++++ Data listing ++++

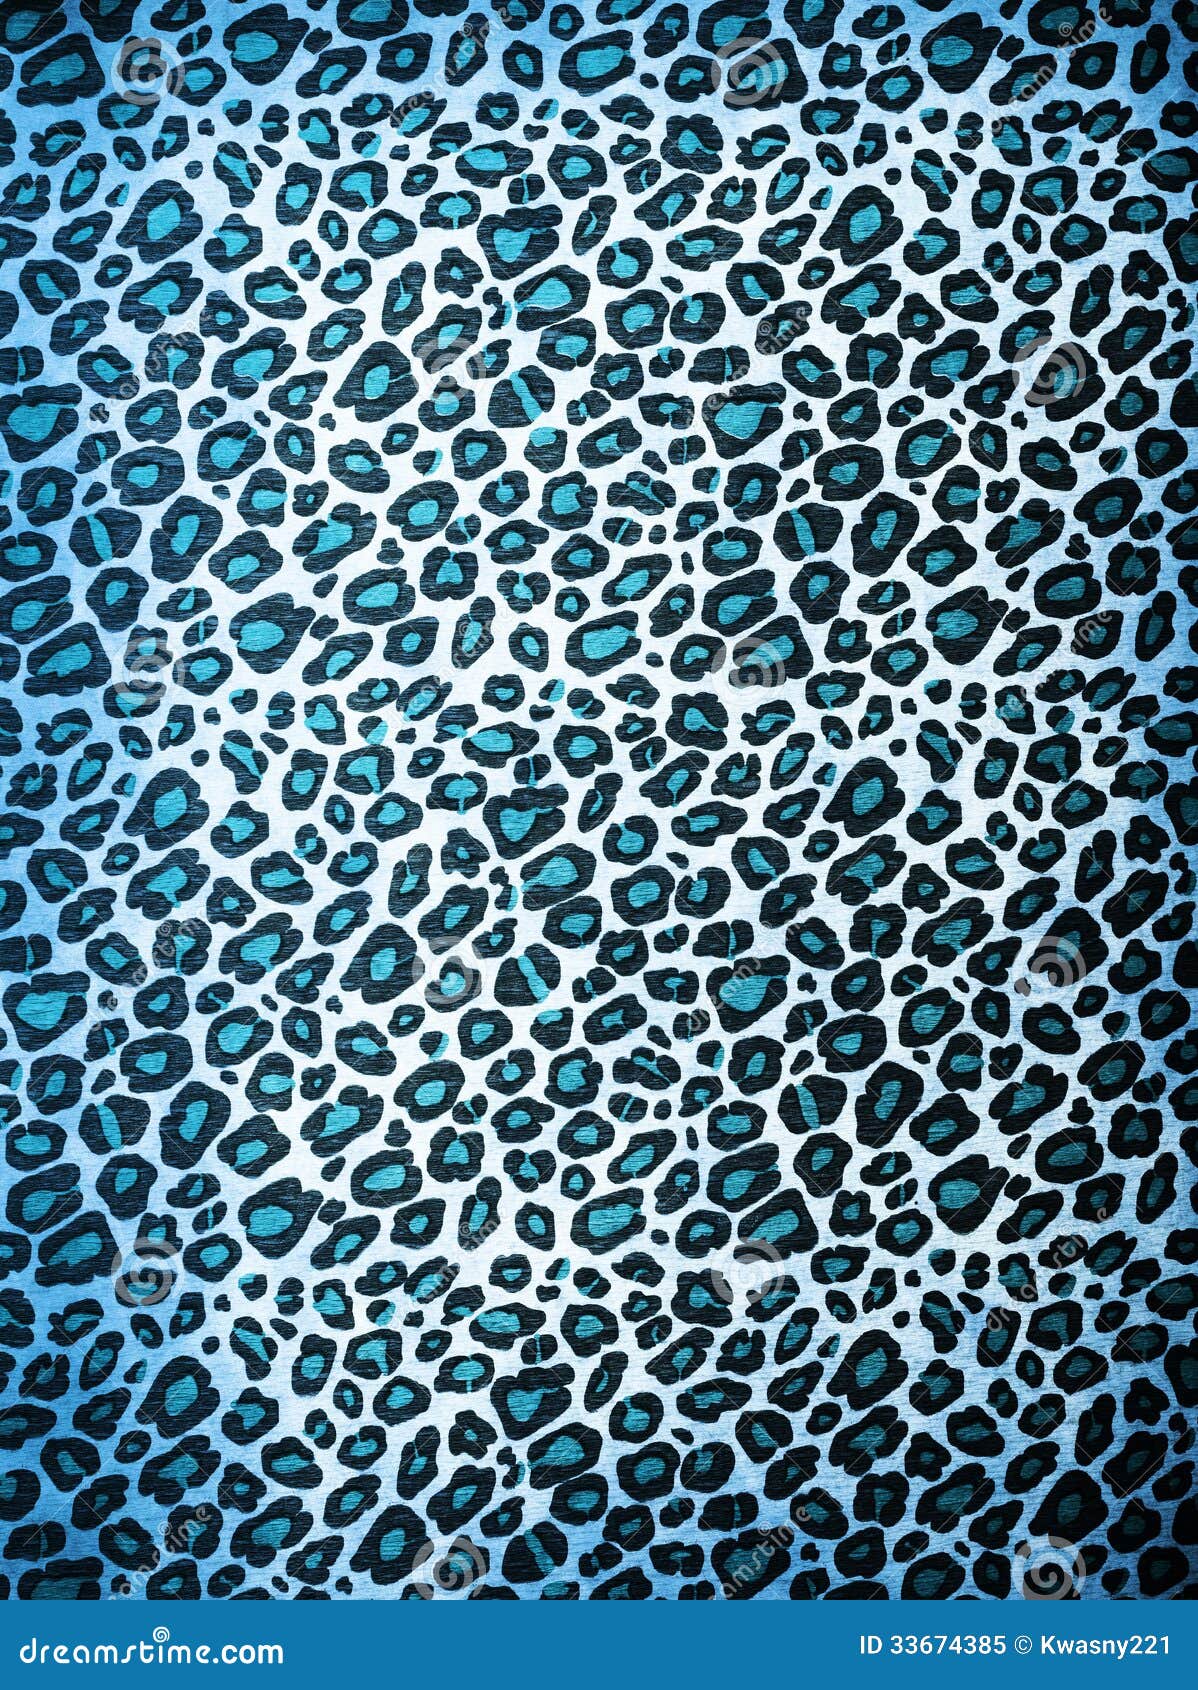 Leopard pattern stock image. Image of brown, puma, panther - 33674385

++++
++++ Data listing ++++

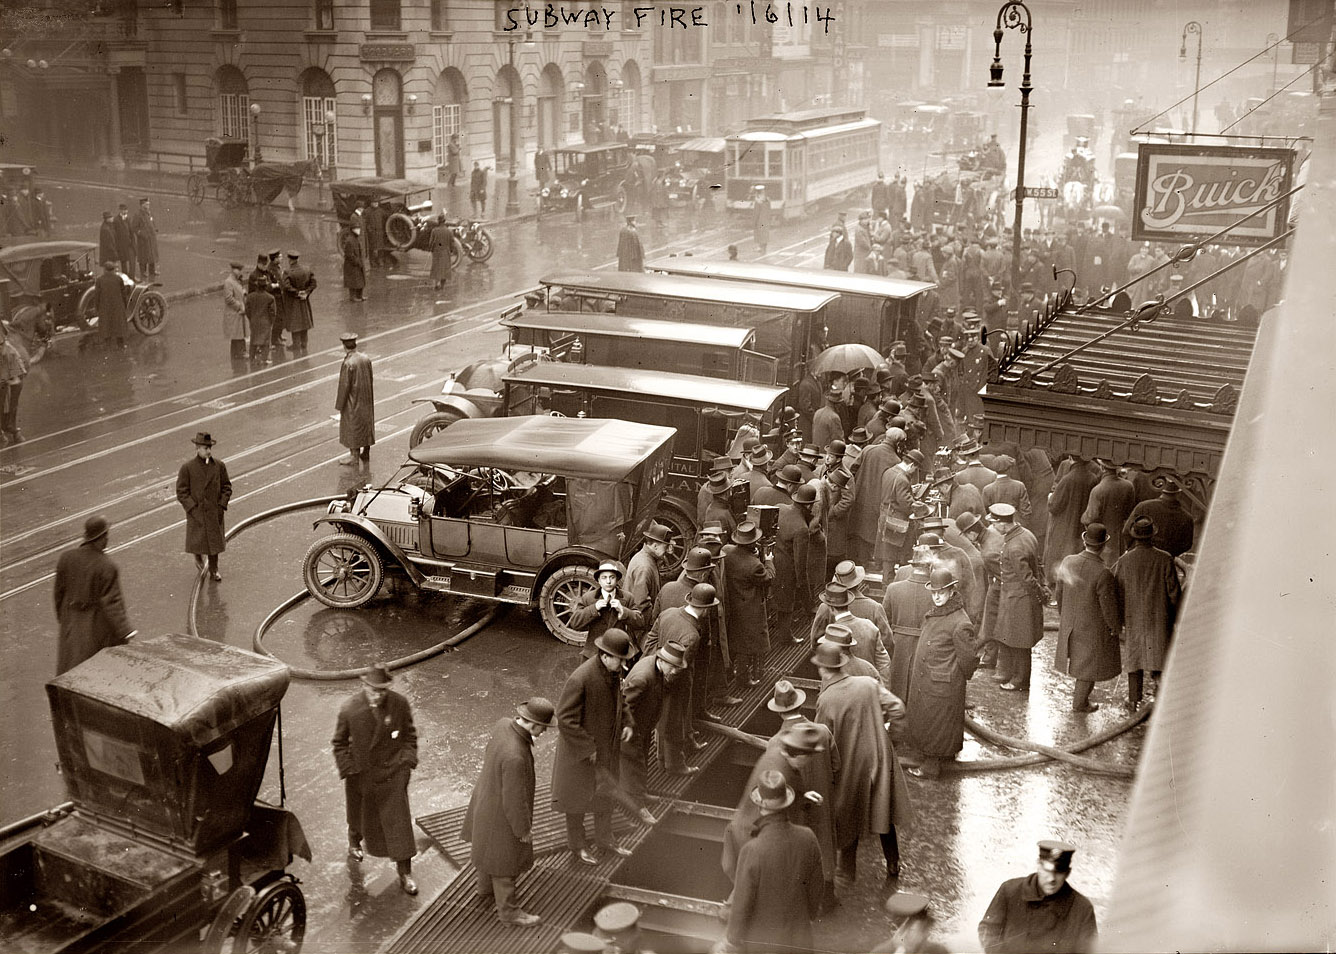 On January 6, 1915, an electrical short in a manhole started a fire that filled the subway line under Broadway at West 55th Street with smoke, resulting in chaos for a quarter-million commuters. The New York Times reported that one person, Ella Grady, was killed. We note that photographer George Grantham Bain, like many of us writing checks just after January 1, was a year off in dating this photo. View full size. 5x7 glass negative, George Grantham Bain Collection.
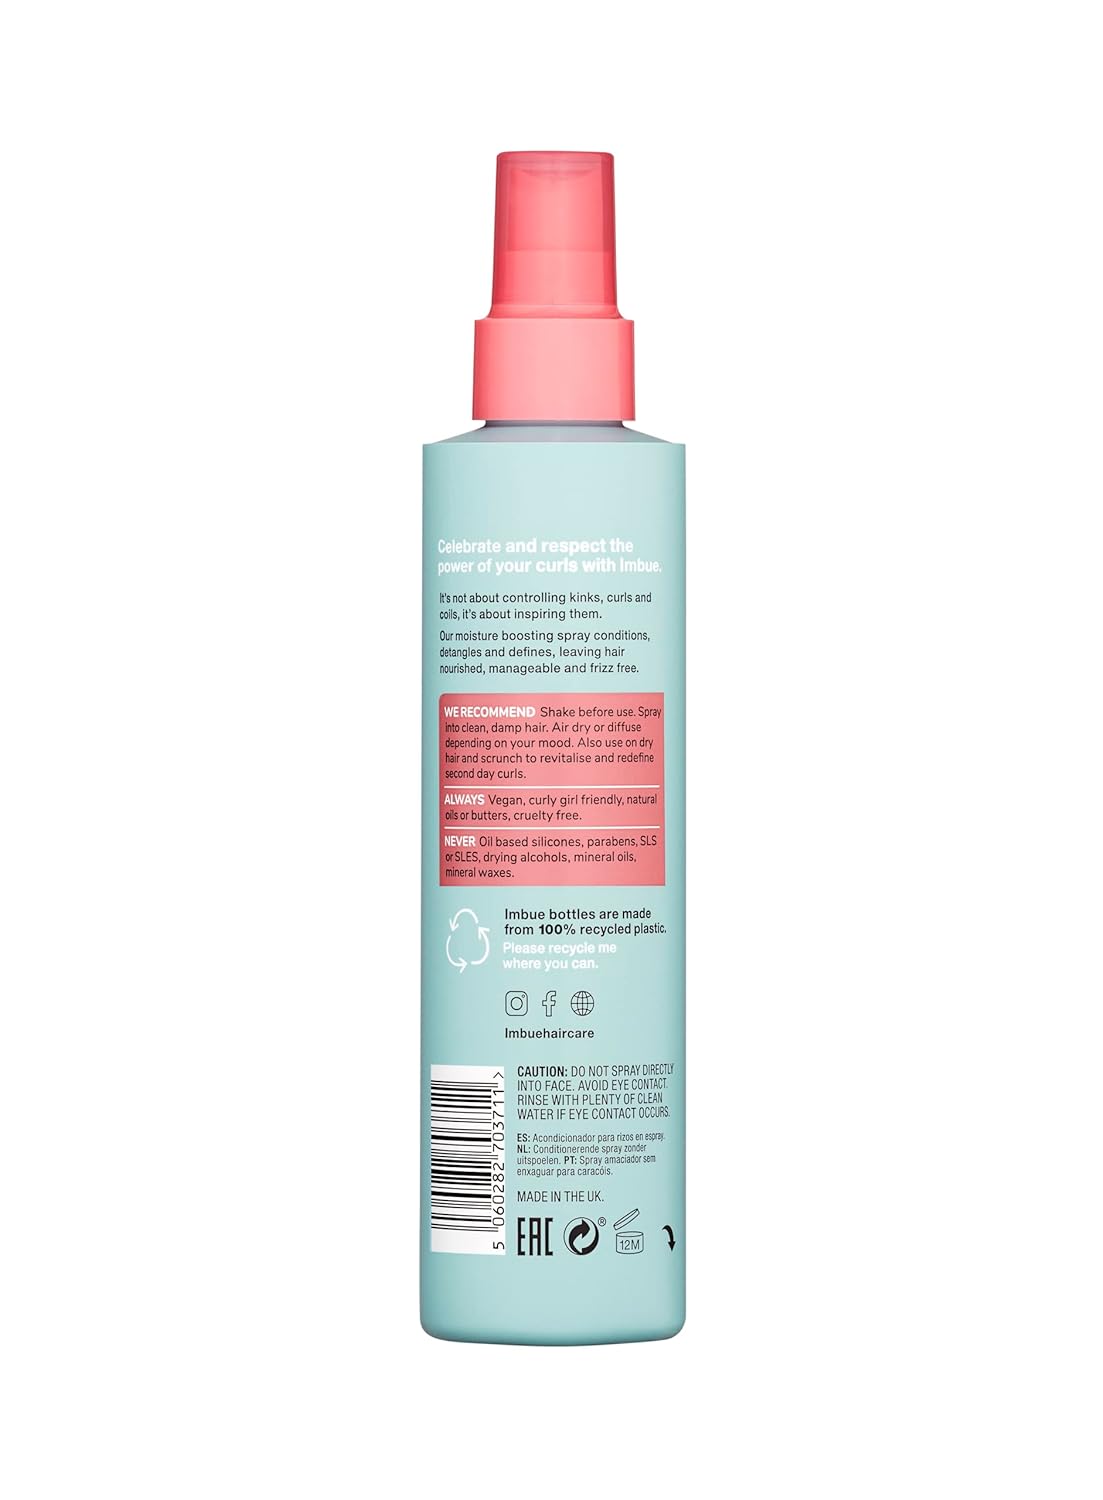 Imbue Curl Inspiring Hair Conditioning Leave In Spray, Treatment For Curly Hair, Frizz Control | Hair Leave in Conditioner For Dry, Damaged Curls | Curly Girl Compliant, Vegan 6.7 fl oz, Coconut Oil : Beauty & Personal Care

++++

** Your instructions **
In the entries above, find the line that contains "On January 6, 1915, an" and the line that contains "Imbue Curl Inspiring". Reproduce exactly those two lines and every line between them, but not the pictures.

** Solution to the exercise **
 On January 6, 1915, an electrical short in a manhole started a fire that filled the subway line under Broadway at West 55th Street with smoke, resulting in chaos for a quarter-million commuters. The New York Times reported that one person, Ella Grady, was killed. We note that photographer George Grantham Bain, like many of us writing checks just after January 1, was a year off in dating this photo. View full size. 5x7 glass negative, George Grantham Bain Collection.
 Imbue Curl Inspiring Hair Conditioning Leave In Spray, Treatment For Curly Hair, Frizz Control | Hair Leave in Conditioner For Dry, Damaged Curls | Curly Girl Compliant, Vegan 6.7 fl oz, Coconut Oil : Beauty & Personal Care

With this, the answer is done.